Once he accepted the job, as far as he knew, Gwozdecky was the only coach in
the country also teaching a class. And he took a pay cut to become a head
coach.

“When you compared apples to apples,” Gwozdecky said, “the field wasn’t very
balanced.”

Then came the critical recruiting class. In 1990, Miami finally joined the
rest of the league in awarding 18 scholarships. Gwozdecky went into the
homes of those recruits and told them, “You will be the future of this
program.”

The present, though, was brutal. With the key class as freshmen in Gwozdecky
’s second season as coach, the RedHawks opened 1990-91 with an 11-1 loss to
Michigan. The next night, it was 9-3. Other losing scores that season
included 11-4, 10-1 and 8-0.

“I remember sitting in the dorm with four or five freshmen just basically in
tears,” Blasi said. “We were thinking, ‘What are we doing here?’ ”


Winning message

That season, at least, they were losing. Miami finished a program-worst
5-29-3 as the growing pains from the beginning of Gwozdecky’s tenure became
excruciating. It remained clear, though, that the freshman class of 1990 was
the future in his mind.

“To be honest,” said Chris Bergeron, who was a sophomore on that team and is
now a Miami assistant, “he was trying to run guys out.”

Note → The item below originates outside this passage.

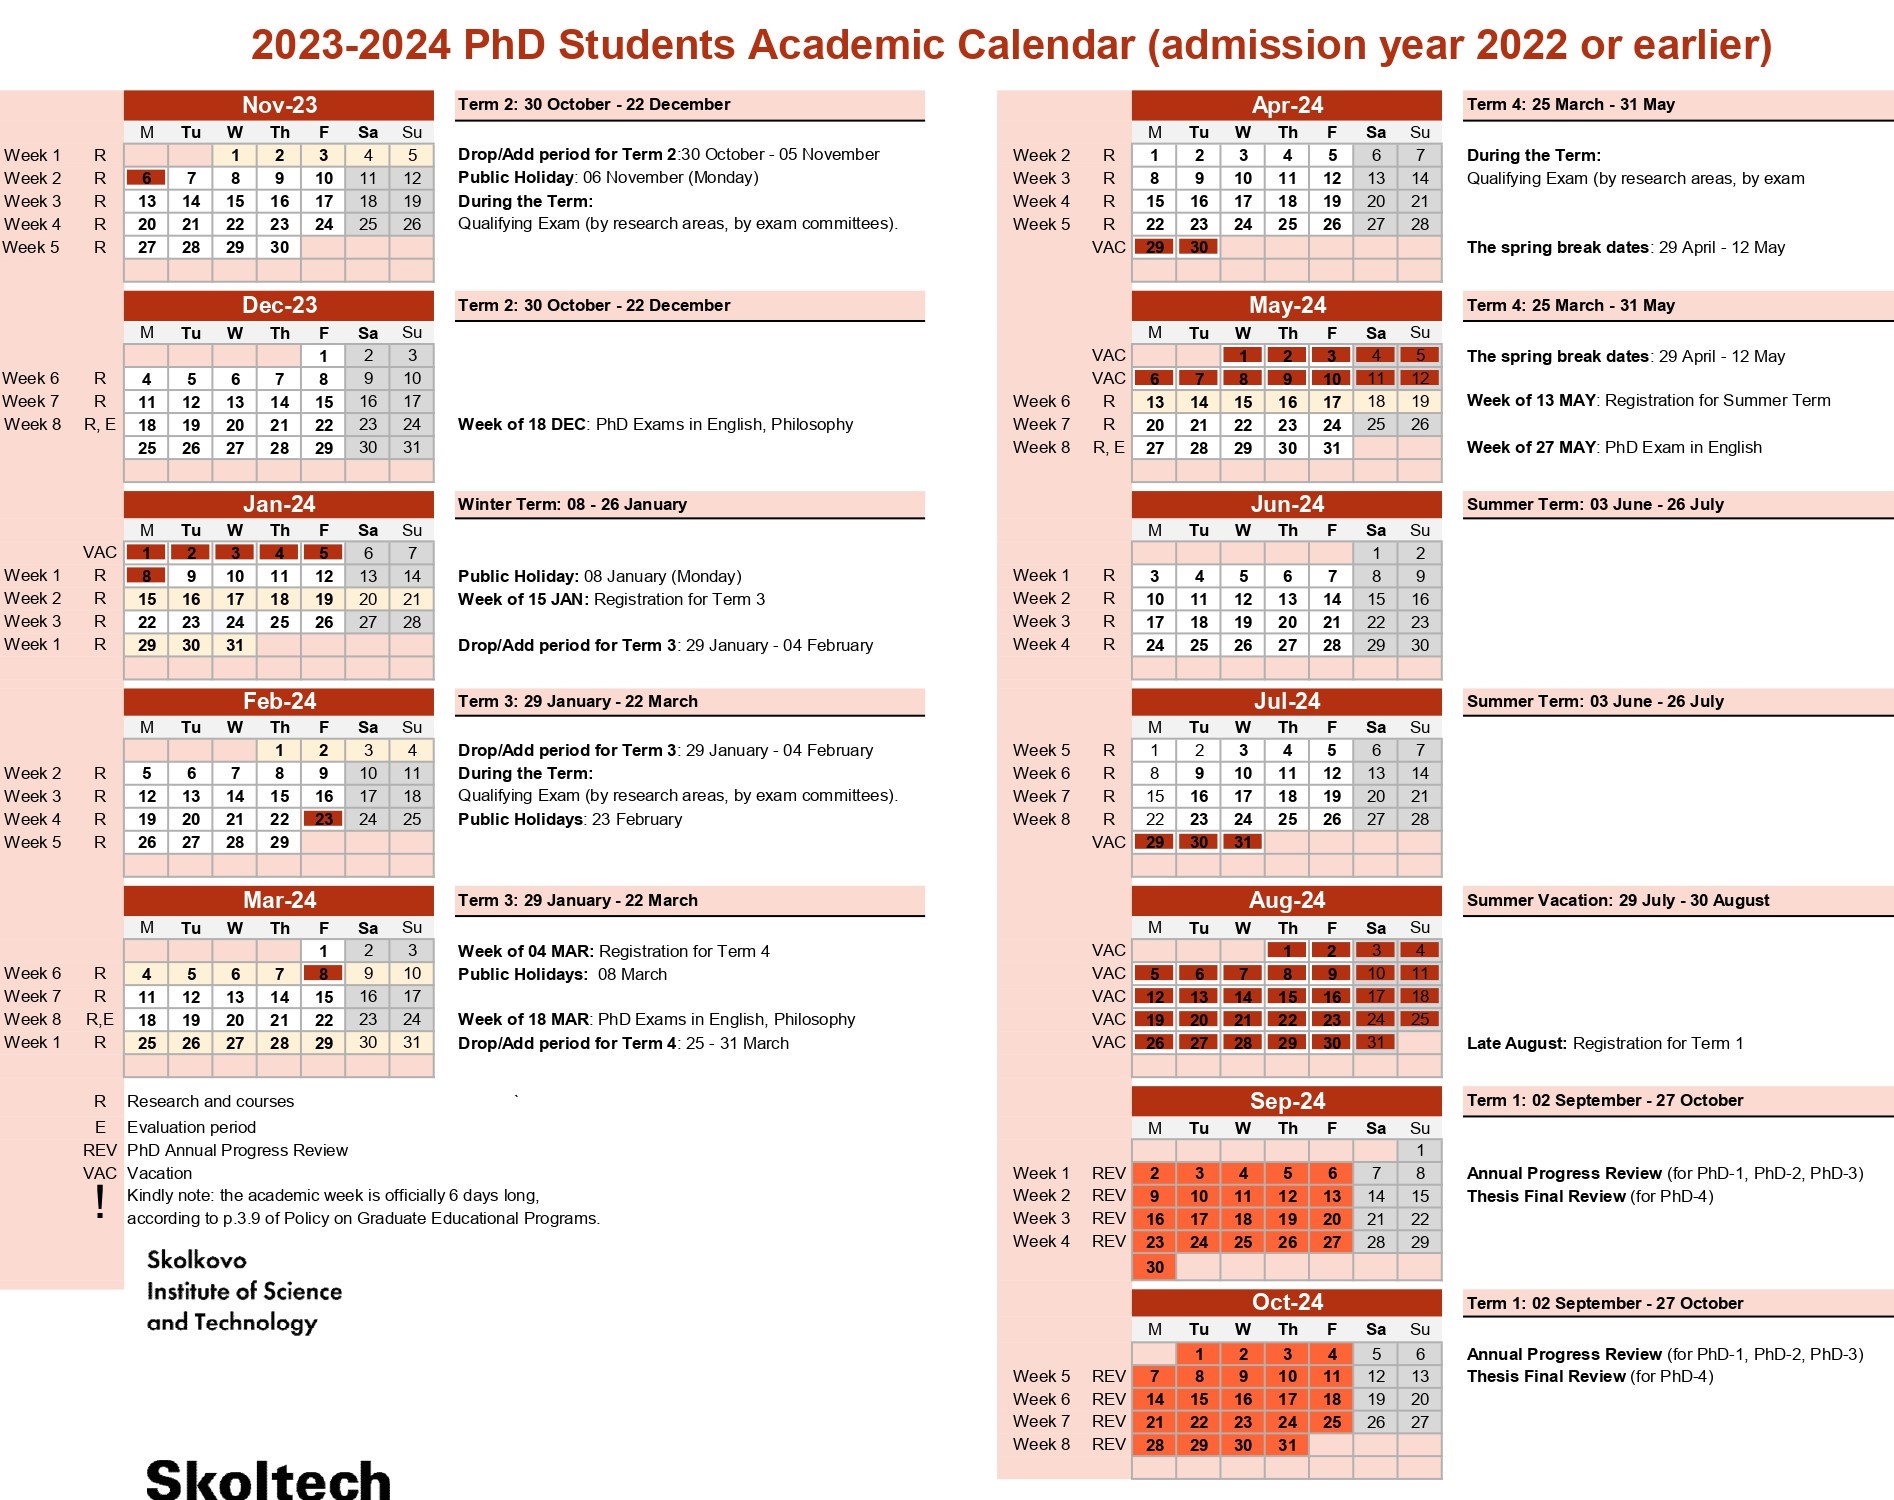 phd-academic-calendar-2023-2024-adm-2022_page-0001

The next year, the 1991-92 season, those pains started to pay off. The
RedHawks finished 18-16-6 and gained some respect. Then, with Blasi as a
junior and Bergeron a senior captain, Miami won the CCHA championship in
1993 at 27-9-5.

Gwozdecky left in 1994 for the University of Denver, which has won the past
two NCAA championships. Under his watch, Gwozdecky built Miami into a name
program nationally, and recruits started to notice.

“The guys who went there then wanted to be part of something,” said Dan
Boyle, a Tampa Bay Lightning defenseman who in 2004 became the only former
Miami player (1995-98) to be part of a Stanley Cup-winning team.

The high from the CCHA championship team eventually faded, and Miami was
looking for a coach again in the summer of 1999. Blasi emerged from the
candidate pool and started spewing the same speech to recruits that he had
heard from Gwozdecky.

“It was really kind of the same story, 10 years later,” Blasi said.

Only this time, the RedHawks hope to keep their footing. With a 23-7-4
overall record, including 20-6-2 in the CCHA, Miami has remained one of the
best stories in college hockey all season.

And so, from the team that once was welcomed back to Oxford at 2 a.m. by the
cheering university president following its first victory against a ranked
team in 1980, Miami has grown into a program used to big victories.

“It’s time now,” Blasi said, “to be consistent.”